God willed not only to create the world, but to enter into relationship with it. God wanted the created world to be charged with personal existence. Creation would know God back. Creation would love God in return.

And so it was that we were enfranchised with intellect and will, gifts that made possible a free act of love. We were endowed with the ability to commit ourselves. We could enter covenant.

God said, “Let it be.” Even more, God said, “I enter into covenant with you.” Yet we mere humans were unequal to the task. The risk of personal relationship, of faith and hope and love, while so godly, was somehow also too frightening for us. It required that we accept our creaturely state. It meant that we would have to admit our dependence upon and our free obedience to the holy Other. This, we resisted. And the sorry tale has been told since Eden.

Our daily consecrations remember and re-enact the reality of God’s covenantal love.

But God was relentless. Even if we reject the proposition, God would ply us with promises of gifts, holy signs, and steadfast guidance. Covenantal relationship, the very life of the Trinity, would never be withdrawn from us, even if we are lost in a sinful state. The divinity would hold itself bound to us. Thus Noah had his rainbow, Abraham his improbable descendants, Moses the covenant of law, David the ark in his palace. And among the prophets of covenant appeared Melchizedek with bread, wine, and blessing given to Abram and Abram’s God.

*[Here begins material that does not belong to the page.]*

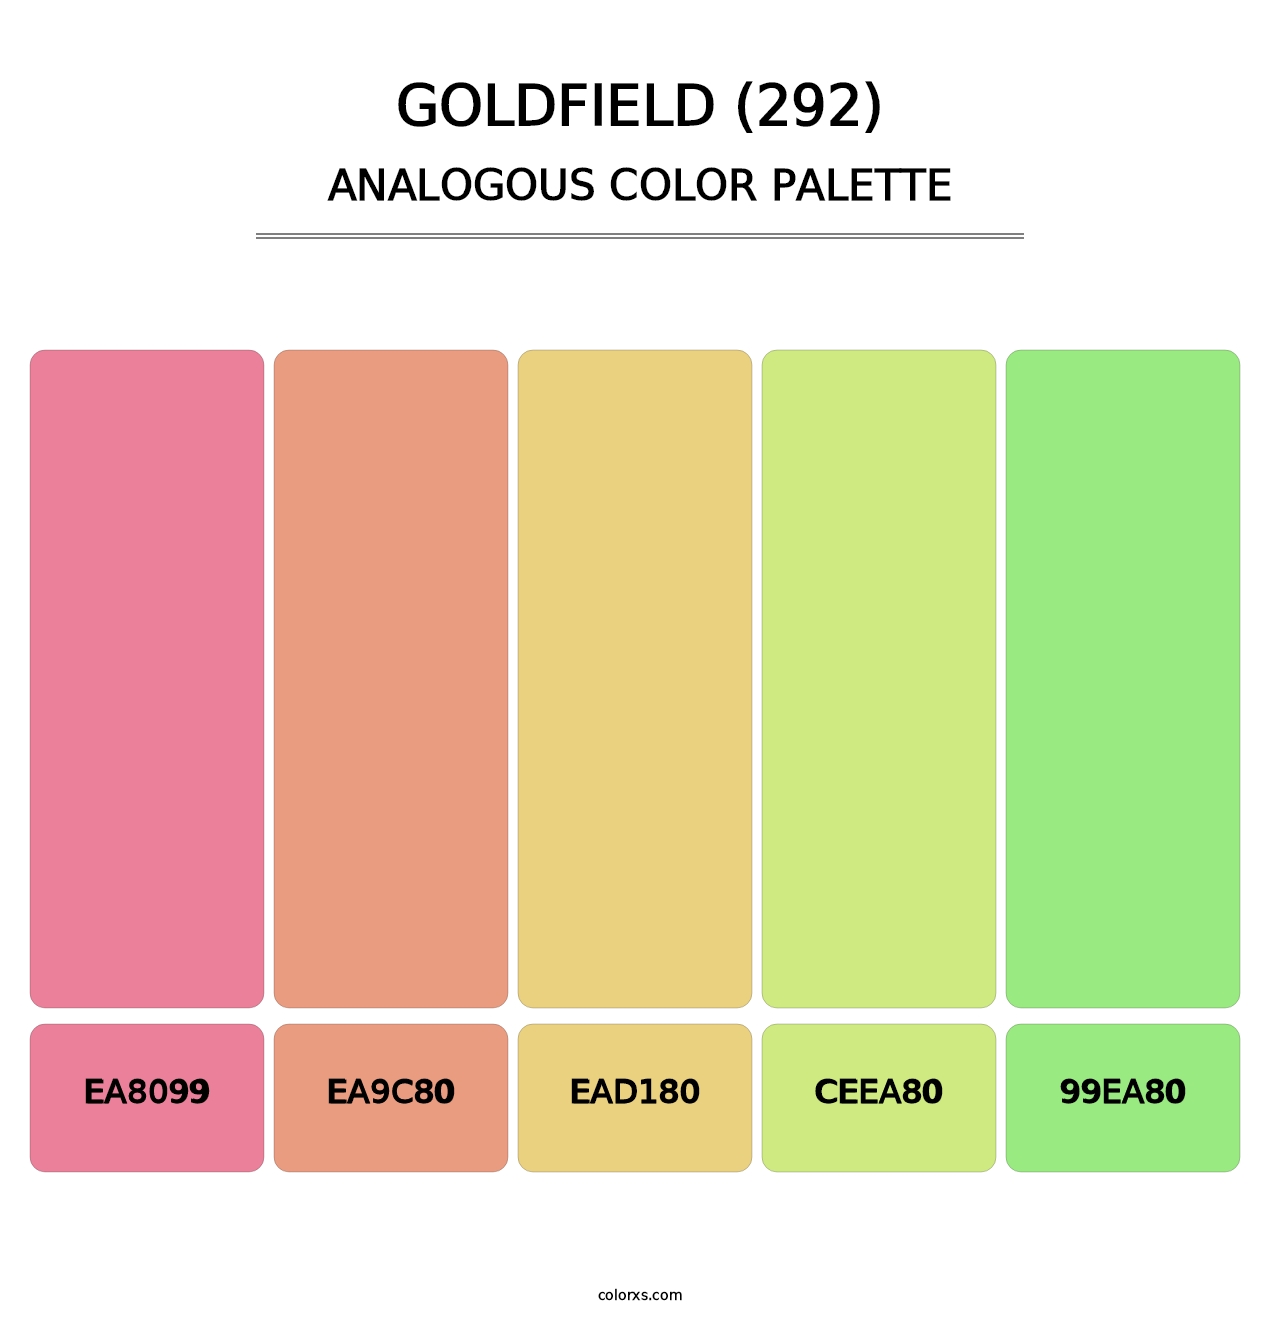 Goldfield (292) - Analogous Color Palette

Melchizedek’s gesture foreshadowed our final covenant, our new law, our ultimate promise that we and the Holy Spirit make present in Eucharist. Christ’s body and blood is the covenant. He himself is the promise of God. We in turn affirm our side of the covenant, proclaiming the mystery of faith: “When we eat this bread and drink this cup, we proclaim your death, Lord Jesus, until you come in glory.”

Paul reminded the Corinthians of this covenantal promise in words similar to those we find in Luke and Mark: “This is my body, which is for you. ... This cup is the new covenant in my blood. ... Do this in remembrance of me.”

Eucharistic images, such as the miraculous multiplication account in the Gospel of Luke, are all harbingers of the undying relationship between God and us. Our daily consecrations remember and re-enact the reality of God’s covenantal love.

They also remind us, however, what it is that God so much wants from us. It is that relationship, that free “yes,” that gaze back that says with all one’s heart, “I do believe, I hope, I love.”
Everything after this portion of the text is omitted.